### Exercise brief
Every entry that appears below is to be output exactly.

### Records shown
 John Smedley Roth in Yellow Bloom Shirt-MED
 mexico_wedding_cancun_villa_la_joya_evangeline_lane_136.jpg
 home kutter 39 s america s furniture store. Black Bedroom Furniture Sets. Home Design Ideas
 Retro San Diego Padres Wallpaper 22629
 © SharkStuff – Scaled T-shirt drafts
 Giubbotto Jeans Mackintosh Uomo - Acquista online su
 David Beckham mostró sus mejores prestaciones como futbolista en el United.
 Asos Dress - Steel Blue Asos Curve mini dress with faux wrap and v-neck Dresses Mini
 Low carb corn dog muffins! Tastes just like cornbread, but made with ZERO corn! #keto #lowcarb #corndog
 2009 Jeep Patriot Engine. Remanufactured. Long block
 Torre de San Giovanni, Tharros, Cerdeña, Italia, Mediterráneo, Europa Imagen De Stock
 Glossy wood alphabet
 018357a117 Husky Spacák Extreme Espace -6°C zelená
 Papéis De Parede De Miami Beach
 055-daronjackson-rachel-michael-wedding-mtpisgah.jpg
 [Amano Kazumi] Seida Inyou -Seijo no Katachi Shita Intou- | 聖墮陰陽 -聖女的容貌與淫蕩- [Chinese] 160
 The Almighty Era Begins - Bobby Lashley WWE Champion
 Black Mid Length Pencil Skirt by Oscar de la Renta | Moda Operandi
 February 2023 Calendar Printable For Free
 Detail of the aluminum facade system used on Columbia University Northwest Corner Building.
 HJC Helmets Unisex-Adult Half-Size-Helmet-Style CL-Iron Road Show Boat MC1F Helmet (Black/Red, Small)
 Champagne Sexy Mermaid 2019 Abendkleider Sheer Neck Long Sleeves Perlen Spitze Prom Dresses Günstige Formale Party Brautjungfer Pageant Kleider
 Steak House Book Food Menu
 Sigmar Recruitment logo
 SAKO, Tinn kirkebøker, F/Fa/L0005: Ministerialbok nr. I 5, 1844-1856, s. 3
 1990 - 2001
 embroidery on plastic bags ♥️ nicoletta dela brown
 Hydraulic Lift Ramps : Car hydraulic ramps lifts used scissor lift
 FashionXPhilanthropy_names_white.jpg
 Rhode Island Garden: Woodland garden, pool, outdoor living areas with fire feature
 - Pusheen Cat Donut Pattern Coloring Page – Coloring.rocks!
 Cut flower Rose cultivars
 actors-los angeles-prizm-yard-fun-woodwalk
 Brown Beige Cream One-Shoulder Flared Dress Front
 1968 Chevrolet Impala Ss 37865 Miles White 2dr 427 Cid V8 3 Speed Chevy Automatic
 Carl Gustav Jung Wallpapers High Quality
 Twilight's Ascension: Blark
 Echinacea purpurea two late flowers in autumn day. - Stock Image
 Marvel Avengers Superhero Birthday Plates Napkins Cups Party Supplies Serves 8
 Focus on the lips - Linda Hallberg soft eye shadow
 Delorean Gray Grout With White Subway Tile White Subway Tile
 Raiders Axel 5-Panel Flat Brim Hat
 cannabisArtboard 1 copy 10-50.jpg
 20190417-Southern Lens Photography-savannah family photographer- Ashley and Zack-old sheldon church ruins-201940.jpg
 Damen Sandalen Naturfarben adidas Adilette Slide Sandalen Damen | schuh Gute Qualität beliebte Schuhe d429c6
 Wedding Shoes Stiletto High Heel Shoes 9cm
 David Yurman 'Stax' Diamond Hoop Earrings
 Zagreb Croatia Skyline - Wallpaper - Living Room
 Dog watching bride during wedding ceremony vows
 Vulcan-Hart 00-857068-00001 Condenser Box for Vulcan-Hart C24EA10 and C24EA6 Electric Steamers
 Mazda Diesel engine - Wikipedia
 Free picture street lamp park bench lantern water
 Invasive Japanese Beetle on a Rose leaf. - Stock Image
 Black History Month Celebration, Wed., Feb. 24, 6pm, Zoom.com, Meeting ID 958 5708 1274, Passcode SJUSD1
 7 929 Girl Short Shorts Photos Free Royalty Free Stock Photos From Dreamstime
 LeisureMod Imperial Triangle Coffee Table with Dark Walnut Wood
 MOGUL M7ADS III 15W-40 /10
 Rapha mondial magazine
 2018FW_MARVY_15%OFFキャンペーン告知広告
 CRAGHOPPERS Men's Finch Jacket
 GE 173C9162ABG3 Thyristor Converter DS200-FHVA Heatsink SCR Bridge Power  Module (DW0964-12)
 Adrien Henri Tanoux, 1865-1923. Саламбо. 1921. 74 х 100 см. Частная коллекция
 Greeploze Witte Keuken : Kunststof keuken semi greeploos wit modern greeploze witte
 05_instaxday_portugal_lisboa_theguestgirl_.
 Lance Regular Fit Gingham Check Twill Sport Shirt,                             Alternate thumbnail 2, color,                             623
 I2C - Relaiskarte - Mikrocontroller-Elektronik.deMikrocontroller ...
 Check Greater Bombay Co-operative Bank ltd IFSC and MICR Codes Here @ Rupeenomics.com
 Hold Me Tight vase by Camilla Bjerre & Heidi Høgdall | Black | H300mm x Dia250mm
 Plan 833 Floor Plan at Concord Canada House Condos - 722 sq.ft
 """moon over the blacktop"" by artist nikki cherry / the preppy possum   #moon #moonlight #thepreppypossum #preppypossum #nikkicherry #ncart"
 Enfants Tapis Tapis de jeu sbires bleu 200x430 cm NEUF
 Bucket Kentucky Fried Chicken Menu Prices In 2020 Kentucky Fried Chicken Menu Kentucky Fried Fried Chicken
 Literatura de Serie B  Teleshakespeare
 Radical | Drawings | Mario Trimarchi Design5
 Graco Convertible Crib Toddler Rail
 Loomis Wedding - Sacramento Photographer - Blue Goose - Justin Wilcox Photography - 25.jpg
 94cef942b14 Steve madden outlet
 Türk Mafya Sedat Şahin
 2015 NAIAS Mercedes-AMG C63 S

### Response below
 John Smedley Roth in Yellow Bloom Shirt-MED
 mexico_wedding_cancun_villa_la_joya_evangeline_lane_136.jpg
 home kutter 39 s america s furniture store. Black Bedroom Furniture Sets. Home Design Ideas
 Retro San Diego Padres Wallpaper 22629
 © SharkStuff – Scaled T-shirt drafts
 Giubbotto Jeans Mackintosh Uomo - Acquista online su
 David Beckham mostró sus mejores prestaciones como futbolista en el United.
 Asos Dress - Steel Blue Asos Curve mini dress with faux wrap and v-neck Dresses Mini
 Low carb corn dog muffins! Tastes just like cornbread, but made with ZERO corn! #keto #lowcarb #corndog
 2009 Jeep Patriot Engine. Remanufactured. Long block
 Torre de San Giovanni, Tharros, Cerdeña, Italia, Mediterráneo, Europa Imagen De Stock
 Glossy wood alphabet
 018357a117 Husky Spacák Extreme Espace -6°C zelená
 Papéis De Parede De Miami Beach
 055-daronjackson-rachel-michael-wedding-mtpisgah.jpg
 [Amano Kazumi] Seida Inyou -Seijo no Katachi Shita Intou- | 聖墮陰陽 -聖女的容貌與淫蕩- [Chinese] 160
 The Almighty Era Begins - Bobby Lashley WWE Champion
 Black Mid Length Pencil Skirt by Oscar de la Renta | Moda Operandi
 February 2023 Calendar Printable For Free
 Detail of the aluminum facade system used on Columbia University Northwest Corner Building.
 HJC Helmets Unisex-Adult Half-Size-Helmet-Style CL-Iron Road Show Boat MC1F Helmet (Black/Red, Small)
 Champagne Sexy Mermaid 2019 Abendkleider Sheer Neck Long Sleeves Perlen Spitze Prom Dresses Günstige Formale Party Brautjungfer Pageant Kleider
 Steak House Book Food Menu
 Sigmar Recruitment logo
 SAKO, Tinn kirkebøker, F/Fa/L0005: Ministerialbok nr. I 5, 1844-1856, s. 3
 1990 - 2001
 embroidery on plastic bags ♥️ nicoletta dela brown
 Hydraulic Lift Ramps : Car hydraulic ramps lifts used scissor lift
 FashionXPhilanthropy_names_white.jpg
 Rhode Island Garden: Woodland garden, pool, outdoor living areas with fire feature
 - Pusheen Cat Donut Pattern Coloring Page – Coloring.rocks!
 Cut flower Rose cultivars
 actors-los angeles-prizm-yard-fun-woodwalk
 Brown Beige Cream One-Shoulder Flared Dress Front
 1968 Chevrolet Impala Ss 37865 Miles White 2dr 427 Cid V8 3 Speed Chevy Automatic
 Carl Gustav Jung Wallpapers High Quality
 Twilight's Ascension: Blark
 Echinacea purpurea two late flowers in autumn day. - Stock Image
 Marvel Avengers Superhero Birthday Plates Napkins Cups Party Supplies Serves 8
 Focus on the lips - Linda Hallberg soft eye shadow
 Delorean Gray Grout With White Subway Tile White Subway Tile
 Raiders Axel 5-Panel Flat Brim Hat
 cannabisArtboard 1 copy 10-50.jpg
 20190417-Southern Lens Photography-savannah family photographer- Ashley and Zack-old sheldon church ruins-201940.jpg
 Damen Sandalen Naturfarben adidas Adilette Slide Sandalen Damen | schuh Gute Qualität beliebte Schuhe d429c6
 Wedding Shoes Stiletto High Heel Shoes 9cm
 David Yurman 'Stax' Diamond Hoop Earrings
 Zagreb Croatia Skyline - Wallpaper - Living Room
 Dog watching bride during wedding ceremony vows
 Vulcan-Hart 00-857068-00001 Condenser Box for Vulcan-Hart C24EA10 and C24EA6 Electric Steamers
 Mazda Diesel engine - Wikipedia
 Free picture street lamp park bench lantern water
 Invasive Japanese Beetle on a Rose leaf. - Stock Image
 Black History Month Celebration, Wed., Feb. 24, 6pm, Zoom.com, Meeting ID 958 5708 1274, Passcode SJUSD1
 7 929 Girl Short Shorts Photos Free Royalty Free Stock Photos From Dreamstime
 LeisureMod Imperial Triangle Coffee Table with Dark Walnut Wood
 MOGUL M7ADS III 15W-40 /10
 Rapha mondial magazine
 2018FW_MARVY_15%OFFキャンペーン告知広告
 CRAGHOPPERS Men's Finch Jacket
 GE 173C9162ABG3 Thyristor Converter DS200-FHVA Heatsink SCR Bridge Power  Module (DW0964-12)
 Adrien Henri Tanoux, 1865-1923. Саламбо. 1921. 74 х 100 см. Частная коллекция
 Greeploze Witte Keuken : Kunststof keuken semi greeploos wit modern greeploze witte
 05_instaxday_portugal_lisboa_theguestgirl_.
 Lance Regular Fit Gingham Check Twill Sport Shirt,                             Alternate thumbnail 2, color,                             623
 I2C - Relaiskarte - Mikrocontroller-Elektronik.deMikrocontroller ...
 Check Greater Bombay Co-operative Bank ltd IFSC and MICR Codes Here @ Rupeenomics.com
 Hold Me Tight vase by Camilla Bjerre & Heidi Høgdall | Black | H300mm x Dia250mm
 Plan 833 Floor Plan at Concord Canada House Condos - 722 sq.ft
 """moon over the blacktop"" by artist nikki cherry / the preppy possum   #moon #moonlight #thepreppypossum #preppypossum #nikkicherry #ncart"
 Enfants Tapis Tapis de jeu sbires bleu 200x430 cm NEUF
 Bucket Kentucky Fried Chicken Menu Prices In 2020 Kentucky Fried Chicken Menu Kentucky Fried Fried Chicken
 Literatura de Serie B  Teleshakespeare
 Radical | Drawings | Mario Trimarchi Design5
 Graco Convertible Crib Toddler Rail
 Loomis Wedding - Sacramento Photographer - Blue Goose - Justin Wilcox Photography - 25.jpg
 94cef942b14 Steve madden outlet
 Türk Mafya Sedat Şahin
 2015 NAIAS Mercedes-AMG C63 S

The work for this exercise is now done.